Assim, as primeiras salas correspondem na sua maioria e abusivamente à proposta curatorial originalmente desenvolvida, com os diálogos pensados entre obras e artistas que reflectem os anos 60 e 70. Trabalhos que se inscrevem na linguagem estética do abstraccionismo, com jogos cromáticos em composições geométricas, criações que exploram a arte cinética e a Op Art, mas também obras da nova-figuração. A restante montagem, ainda que conserve algumas das obras nos locais atribuídos no plano, anulou o desenvolvimento conceptual previsto, excluindo lamentavelmente vários artistas como Miguel Branco, Paulo Nozolino, Gérard Castelo Lopes, Víctor Pires Vieira, José Loureiro, Ana Vieira, Clara Menéres, Emília Nadal, entre outros peças de relevo e obras quase desconhecidas de Pedro Cabrita Reis, Julião Sarmento, Júlio Pomar, etc.
Na ficha técnica a curadoria foi substituída por Concepção e Organização: Museu Nacional de Arte Contemporânea-Museu do Chiado com a colaboração da Fundação de Serralves – Museu de Arte Contemporânea. Concepção e organização? De quê? De distribuir em três dias de forma solta e sem qualquer narrativa as obras pelas paredes vazias? É que o MNAC vem mencionado, mas a sua equipa não participou dessa tarefa. E não foi por “razões incidentais” como disse o senhor Secretário de Estado da Cultura à imprensa, que “não foi possível contar com a equipa inicial desta exposição”, foi porque o rigor e o profissionalismo não nos permitiram aceitar as decisões superiormente tomadas por imperativos éticos decorrentes das competências inerentes à curadoria. Tiveram também a necessidade de cortar a referência à produção desenvolvida durante meses, porque lá estava o meu nome, o que reflecte bem o pensamento de quem o fez...
A exposição que constituiria um testemunho incontornável no percurso da coleção SEC e um momento histórico de regozijo para o MNAC, na dupla ampliação do seu espaço expositivo e do seu acervo, tornou-se num momento histórico triste para a história e a equipa deste museu, não é uma exposição do MNAC, nem nos conteúdos, nem na forma.
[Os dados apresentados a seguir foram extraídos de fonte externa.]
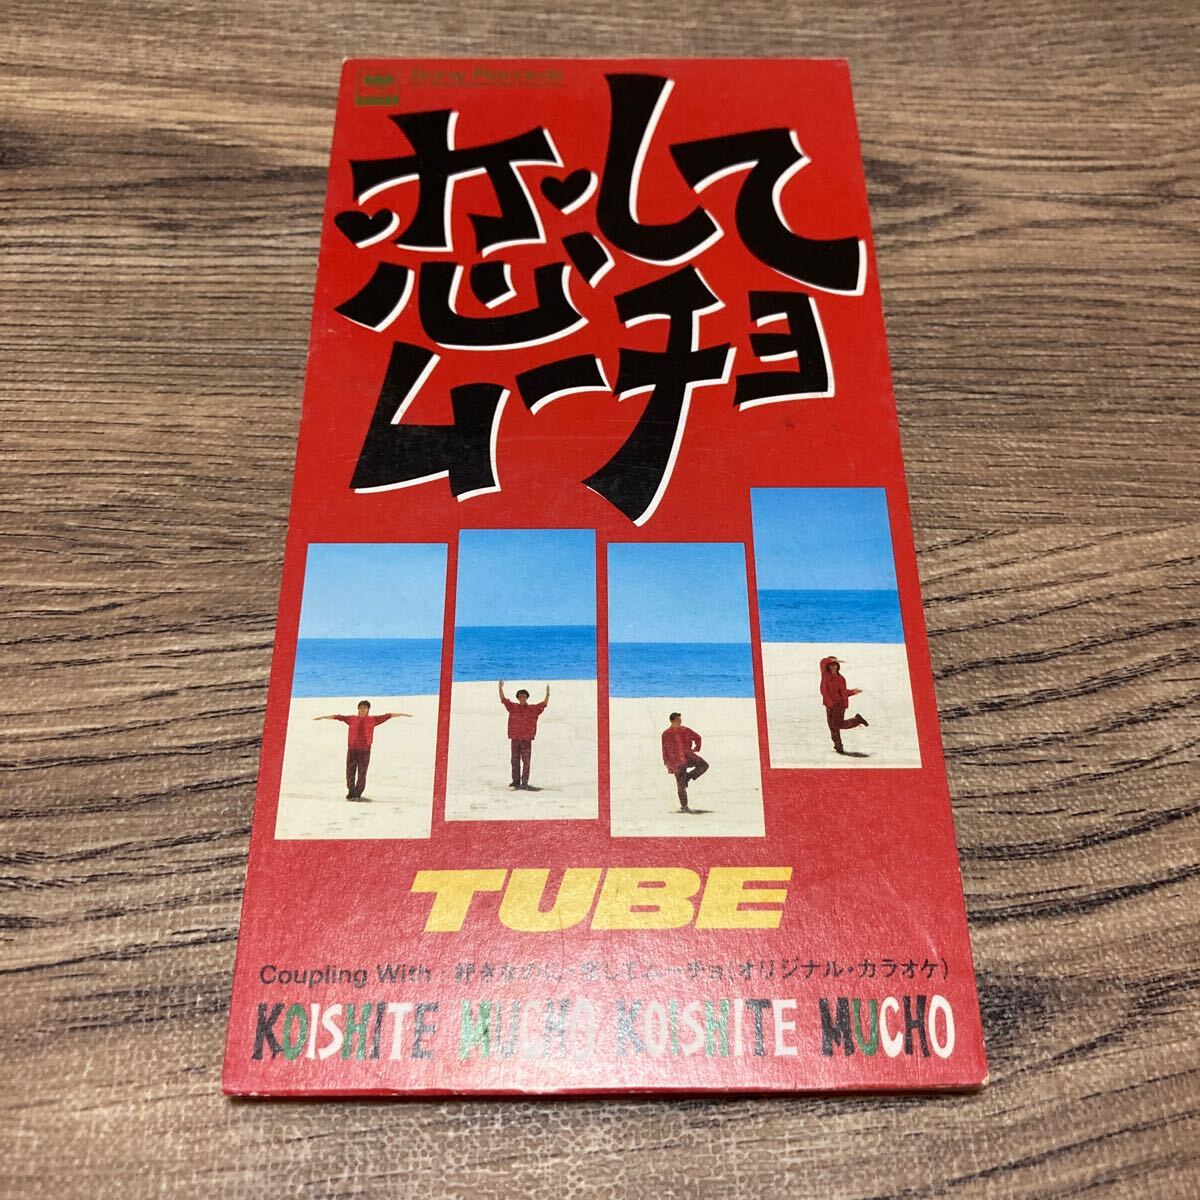 TUBE / 恋してムーチョ 8cmCD_画像1
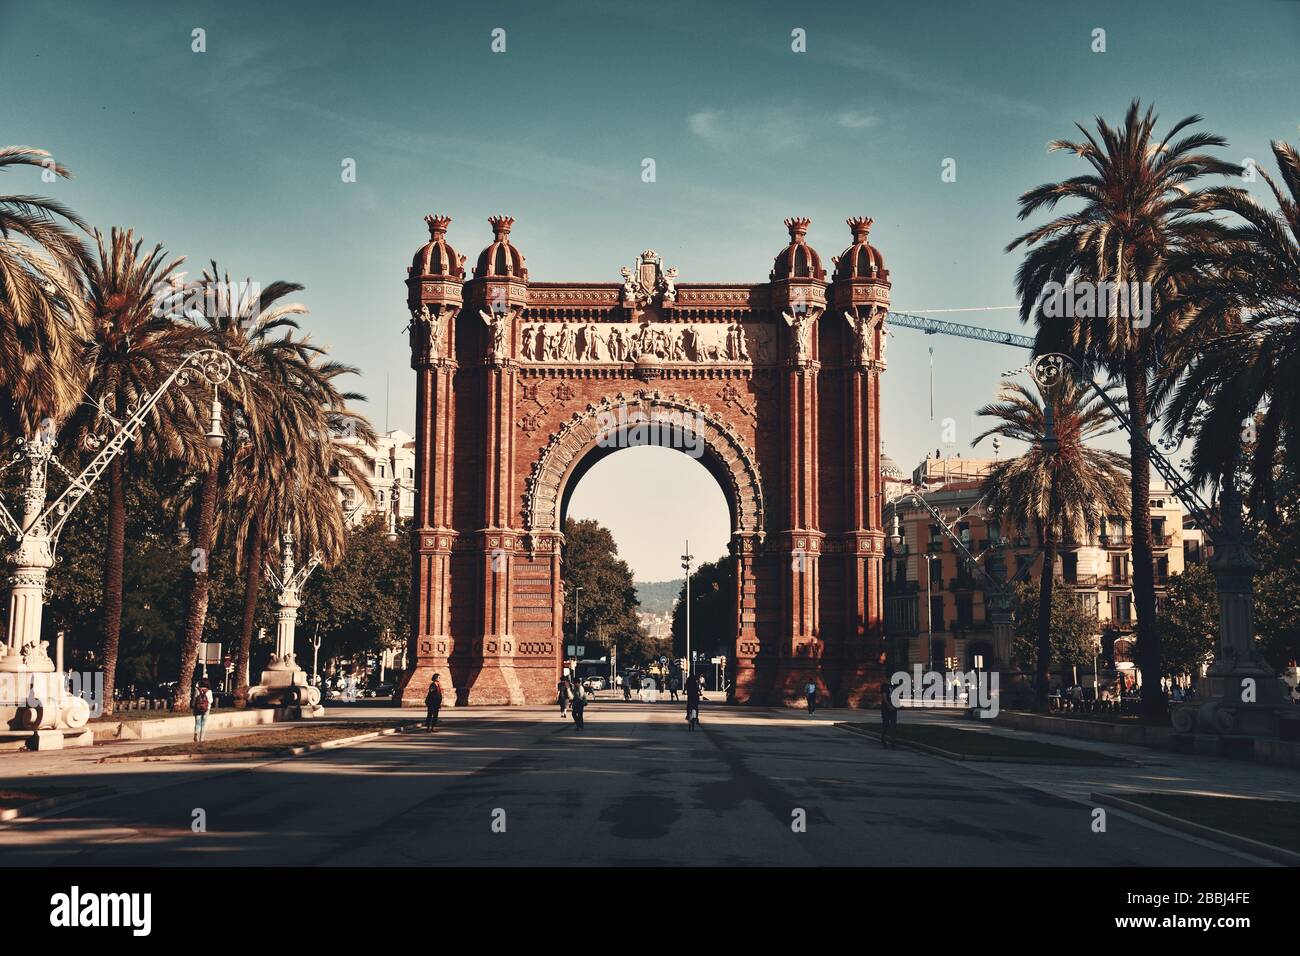 Arc de Triomf fu costruito dall'architetto Josep Vilaseca i Casanovas come la porta di accesso principale per il 1888 Barcellona Fiera Mondiale Foto Stock

Custa a acreditar que tenham tido coragem e coerência para chegar a este nível e a total falta delas para manter a coleção SEC no MNAC, depois de concluírem, passado anos de discussão e grupos de trabalho, que esse era o melhor caminho. Qual a explicação para a revogação do Despacho n.º 1849-A/ 2014? De acordo com o Despacho n.º 7863 de 6 de Julho de 2015 “revogo, por mera conveniência, o meu despacho (…) publicado no Diário da República n.º 25, 2ª série, de 5 de fevereiro de 2014.” Será que quem diz a verdade não merece castigo?
Face a tudo isto, importa esclarecer algumas questões de verdade e inverdade:
É inverdade que não tenha havido por parte do MNAC um esforço de colaboração e entendimento. Prova disso é o próprio subtítulo, que foi alterado de “O legado da Secretaria de Estado da Cultura ao Museu Nacional de Arte Contemporânea” para “Arte Portuguesa na Colecção da Secretaria de Estado da Cultura (1960-1990)”, na sequência de um acordo verbal com a DGPC em que foi estabelecido que nos textos curatoriais seria mencionada a incorporação da coleção SEC no MNAC. Acertados, a equipa de curadores continuou o seu projecto.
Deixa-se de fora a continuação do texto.